Contrary to the above, on January 15, 1997, information provided by the licensee's former Chief Nuclear Medicine Technologist (CNMT) to an NRC inspector was inaccurate. Specifically, the former CNMT, in response to the inspector's questions regarding the transportation of NRC licensed radioactive materials, told the inspector that there was one instance of radioactive material being transported between the facility and the Apple Hill Medical Center, and that it was done properly. This statement was inaccurate in that the radioactive material was transported between the two facilities on a monthly to quarterly basis, and was done so without following NRC/DOT regulations. This statement was material because it could have influenced the NRC as to the whether a violation existed at the facility, and if so, the scope of that violation. (02013)
This is a Severity Level III violation (Supplement VII).

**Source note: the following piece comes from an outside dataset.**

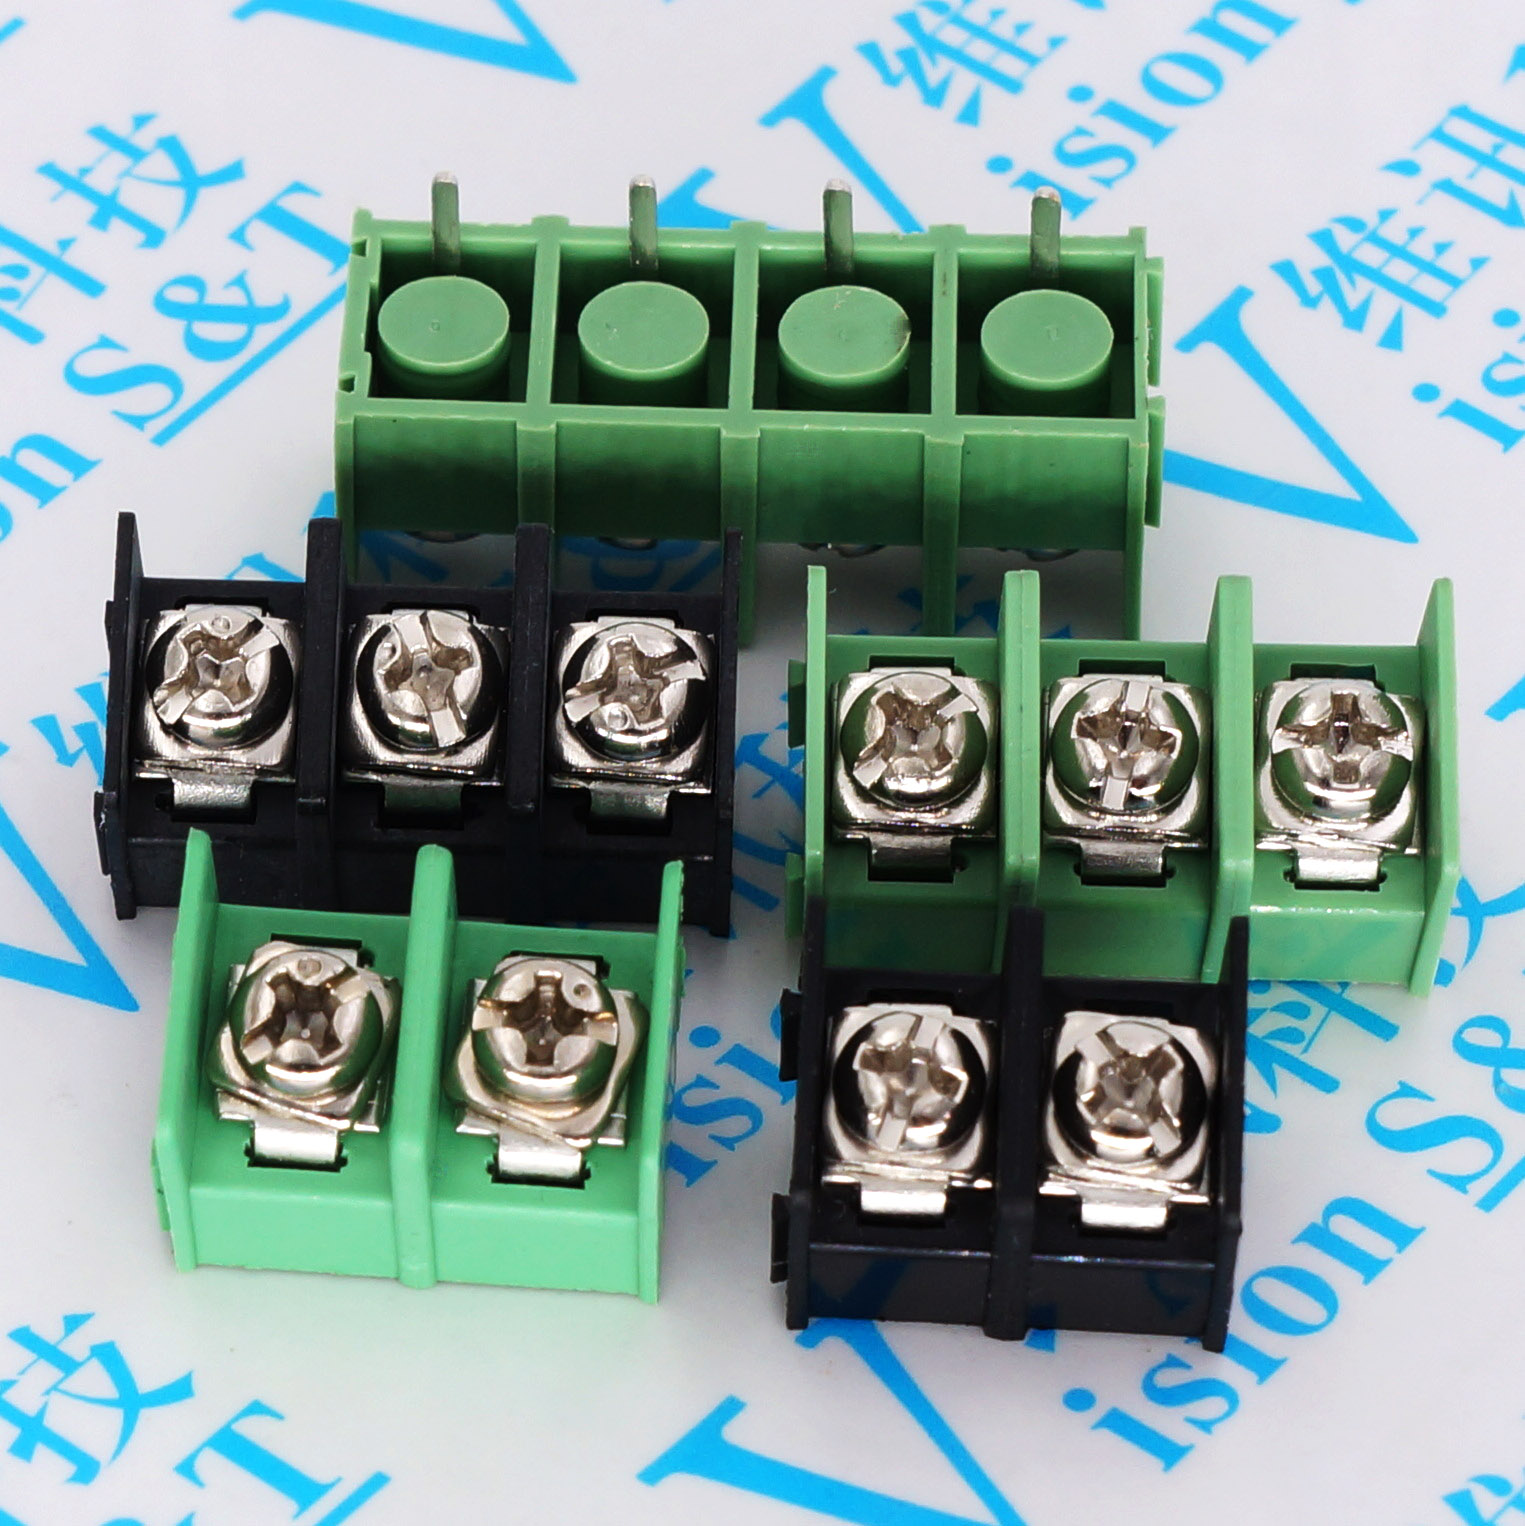 10 pcs x KF7.62mm-2/3/4Pin 300 V 20A 7.62mm Toonhoogte Rechte Naald Connector Pcb schroef Blokaansluiting

The NRC has concluded that information regarding the reason for the violations, the corrective actions taken and planned to correct the violations and prevent recurrence, and the date when full compliance was achieved is already adequately addressed on the docket in the licensee's letter, dated February 4, 1998, to the NRC. However, you are required to submit a written statement or explanation pursuant to 10 CFR 2.201 if the description therein does not accurately reflect your corrective actions or your position. In that case, or if you choose to respond, clearly mark your response as a "Reply to a Notice of Violation," and send it to the U.S. Nuclear Regulatory Commission, ATTN: Document Control Desk, Washington, D.C. 20555 with a copy to the Regional Administrator, Region I, within 30 days of the date of the letter transmitting this Notice of Violation (Notice).